### [SUPPLIED INFORMATION]
▽
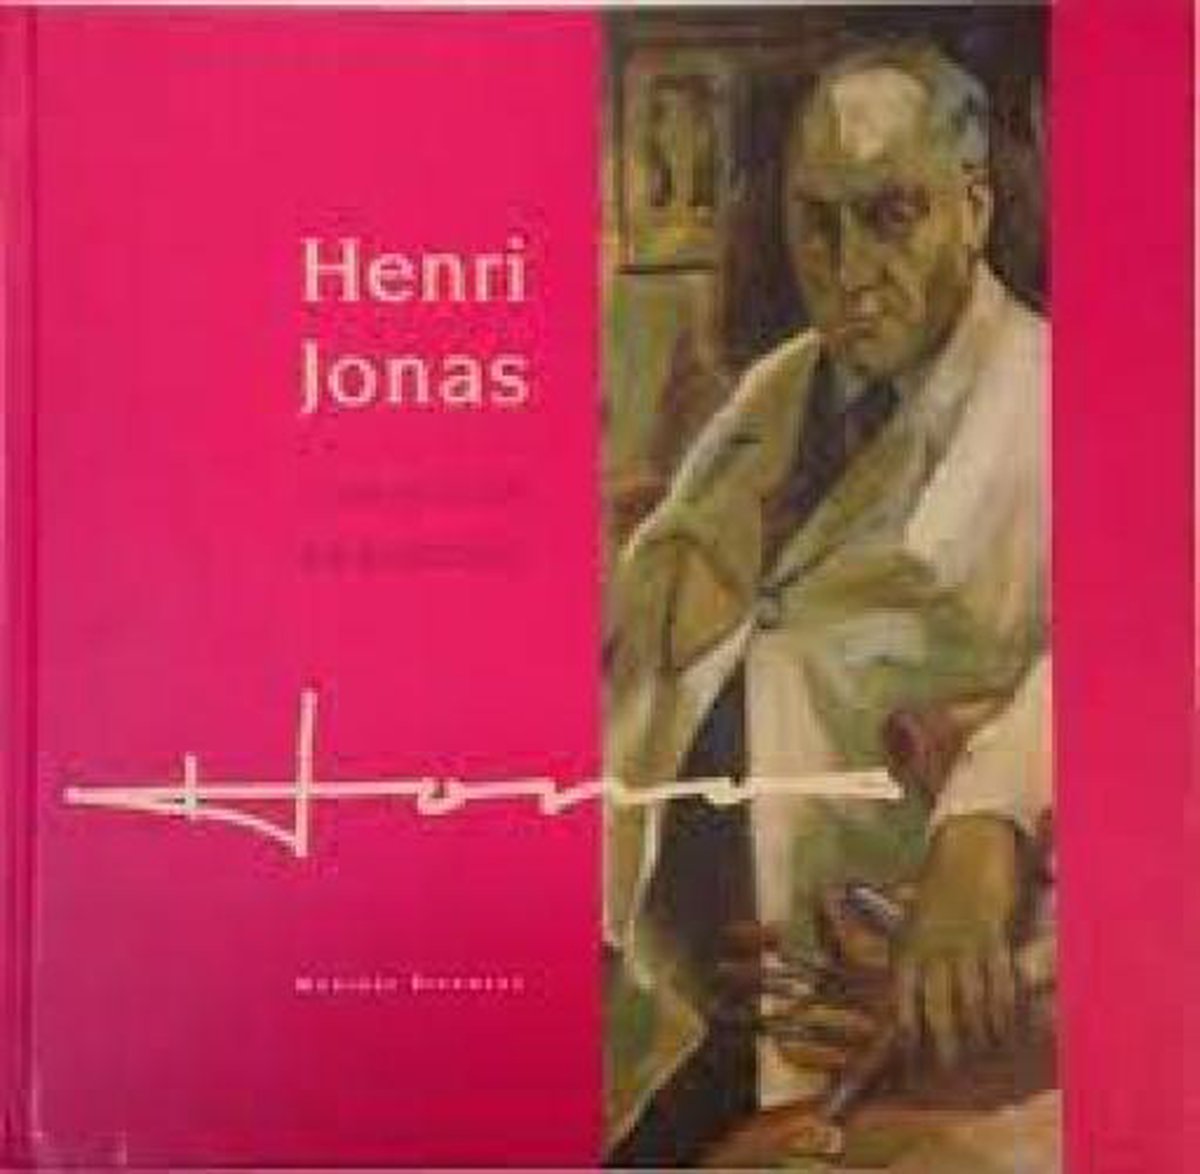 Henri Jonas (1878-1944)
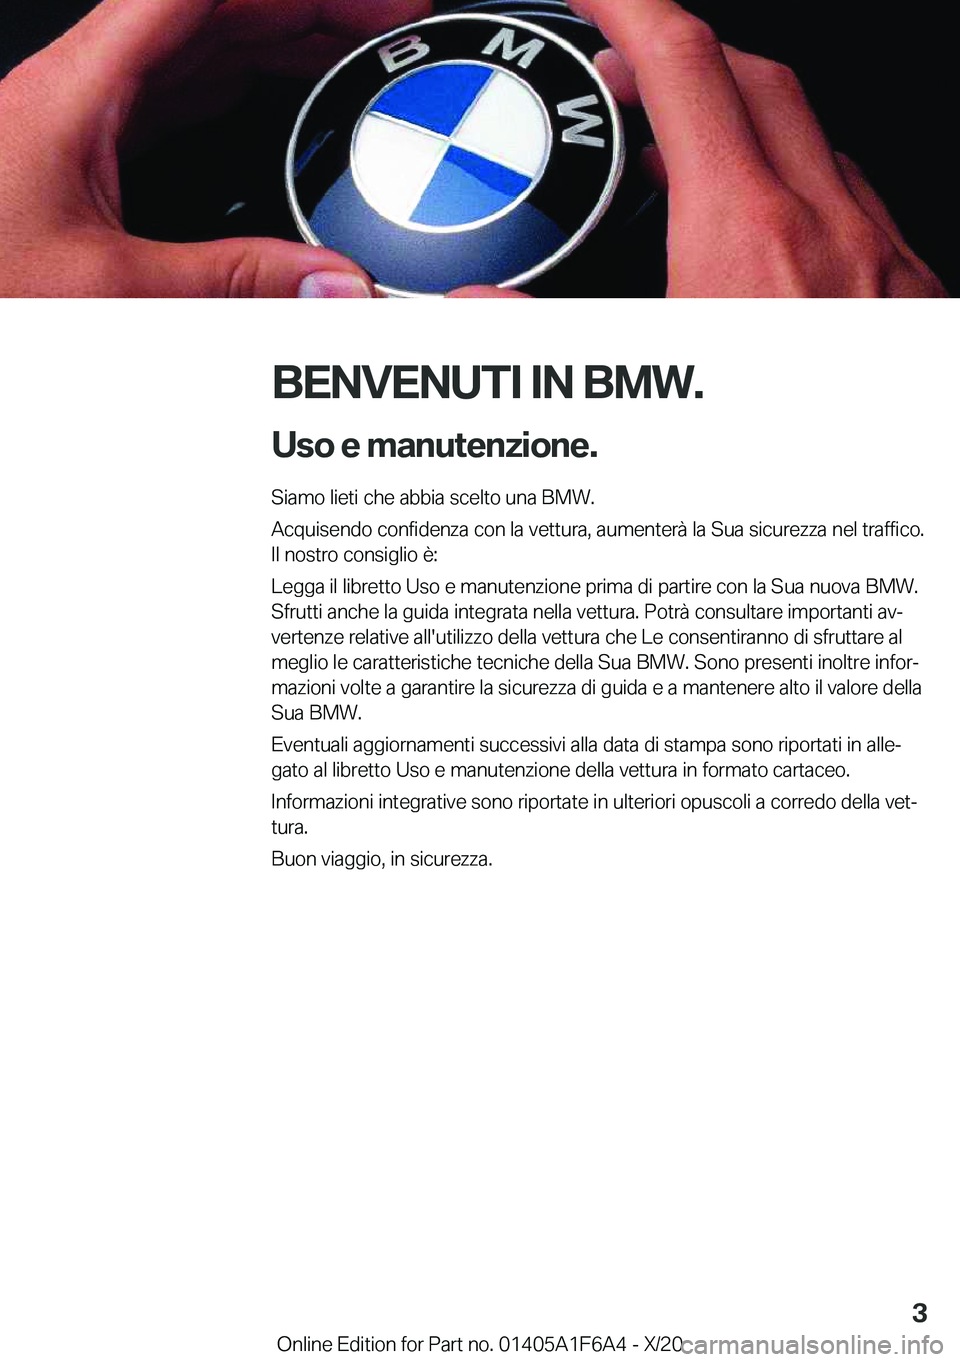 BMW X4 2021  Libretti Di Uso E manutenzione (in Italian) �B�E�N�V�E�N�U�T�I��I�N��B�M�W�.�U�s�o��e��m�a�n�u�t�e�n�z�i�o�n�e�.
�S�i�a�m�o��l�i�e�t�i��c�h�e��a�b�b�i�a��s�c�e�l�t�o��u�n�a��B�M�W�.
�A�c�q�u�i�s�e�n�d�o��c�o�n�f�i�d�e�n�z�a��c�o�n�
△
### [DESCRIPTION OF THE TASK]
Please write out the entire listing above exactly, but leave the pictures out.

### [EXPECTED ANSWER]
 Henri Jonas (1878-1944)
 BMW X4 2021  Libretti Di Uso E manutenzione (in Italian) �B�E�N�V�E�N�U�T�I��I�N��B�M�W�.�U�s�o��e��m�a�n�u�t�e�n�z�i�o�n�e�.
�S�i�a�m�o��l�i�e�t�i��c�h�e��a�b�b�i�a��s�c�e�l�t�o��u�n�a��B�M�W�.
�A�c�q�u�i�s�e�n�d�o��c�o�n�f�i�d�e�n�z�a��c�o�n�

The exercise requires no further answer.